The new “Danish Critical Supply Agency” (SFOS) is a good sign of this. The Agency must ensure an efficient and secure supply of critical protective equipment to the health sector, with the Capital Region of Denmark as operationally responsible for procurement, logistics and distribution of protective equipment.
One of the problems during the COVID19 pandemic was, according to the Swedish lawyer Erik Gadman, from Gernandt & Danielsson, who also gave a presentation at the Nordic Public Procurement Forum, that rogue bidders saw an opportunity to make some quick money, without delivering what they promised, or of a lower quality. It may also be one of the reasons why the government in Denmark is focusing more on increased inventory and own production.
According to Sue Arrowsmith, another important learning point – for the legislators – is that we should distinguish between public procurement during crises (crisis procurement) and regular urgent procurement in the public sector.
The EU Public Procurement Directive from 2014, which is nationally implemented in the member states, in Denmark with the Procurement Act (2016), already has instructions for urgent procurement, but Sue Arrowsmith believes that there is a need for separate additions in relation to crises in procurement legislation in addition to the existing section on (particularly) urgent cases. This can already be found in some other systems, e.g., EU Defence and Security Directive 2009.
The European Commission actually tried to guide the member states in terms of the possibilities and flexibility that already exist within the regulatory framework for public procurement, but by adding a specific crisis provision, there will be fixed standards for future situations, according to Sue Arrowsmith. It will be important for member states invoking the crisis provision to provide precise descriptions of the scope and the time frame for using the crisis provision, with regular reviews to see if it is still needed.
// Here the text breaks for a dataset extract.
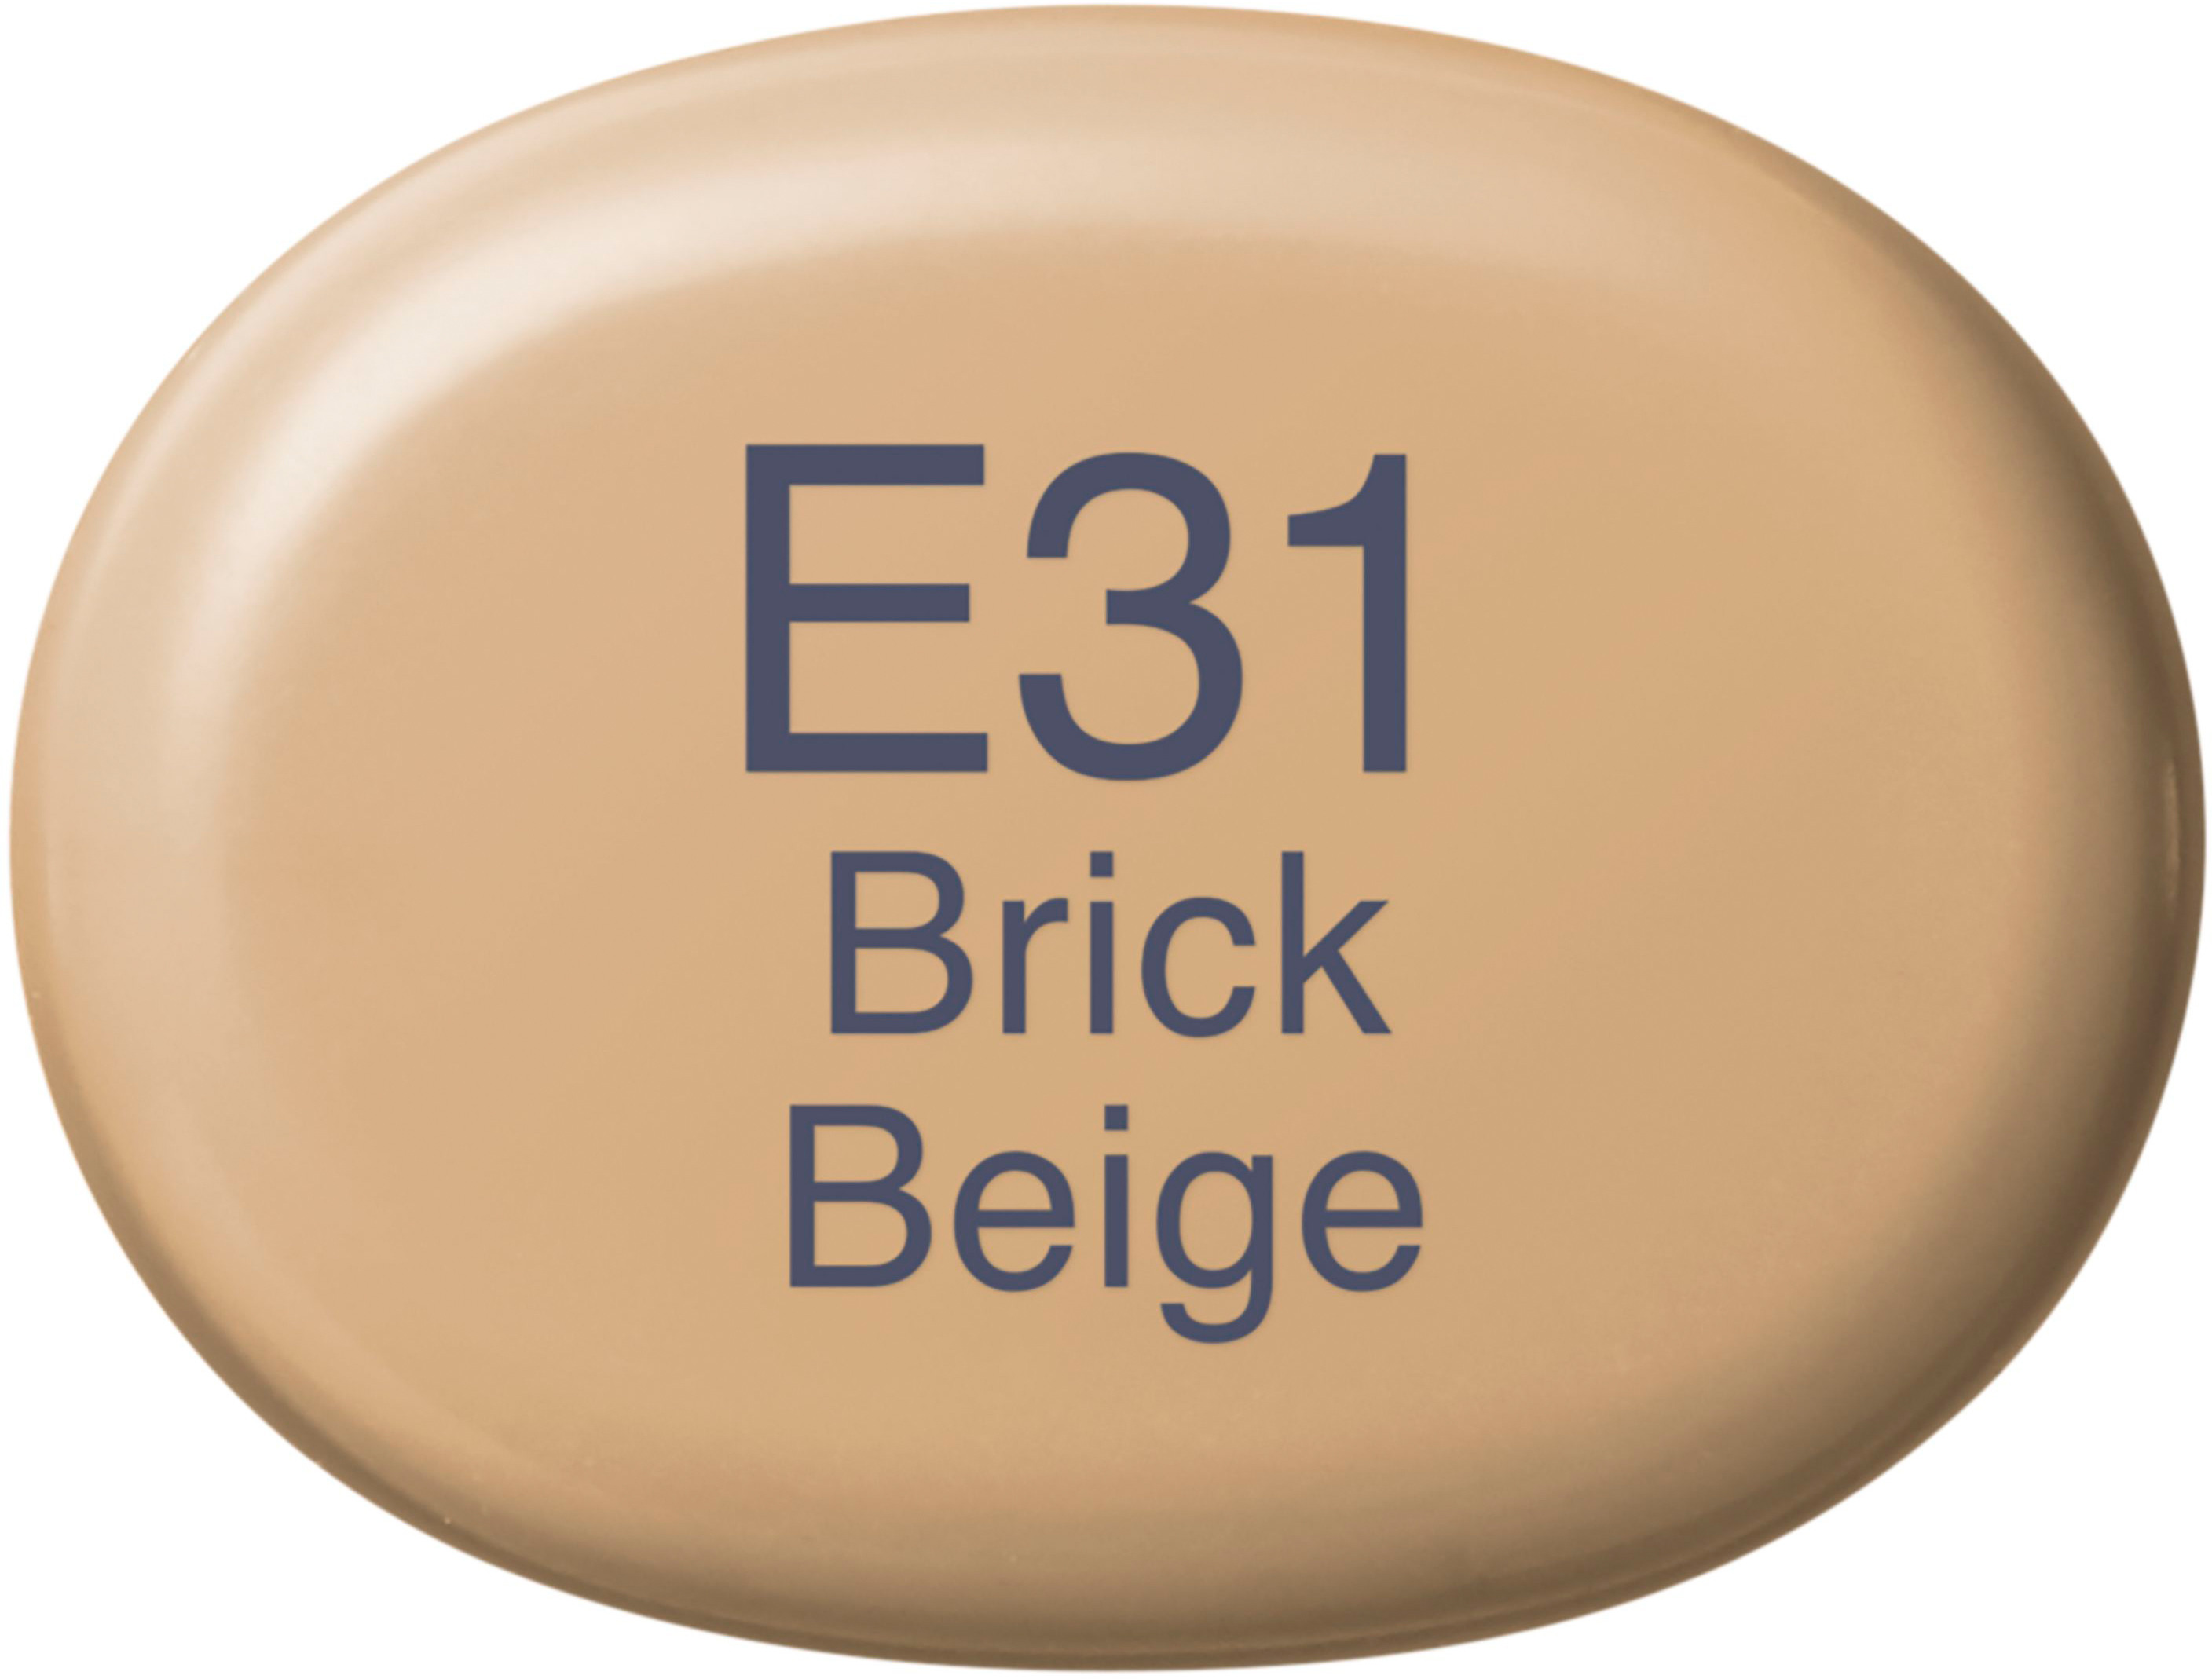 COPIC Marker Sketch 21075123 E31 - Brick Beige

In Denmark, it is not so often that we experience cases of bribery, fraud and corruption in connection with public procurement, but unfortunately, they do exist – also in the health service according to jv.dk. And as several organizations, and experts at the conference Nordic Public Procurement Forum point out, crises such as the COVID19 pandemic can be exploited, and it is therefore up to the legislators and the public authorities to try to establish frameworks that can close the door for corruption as much as possible – to close it completely is probably not realistic unfortunately, even in a well-functioning society like ours.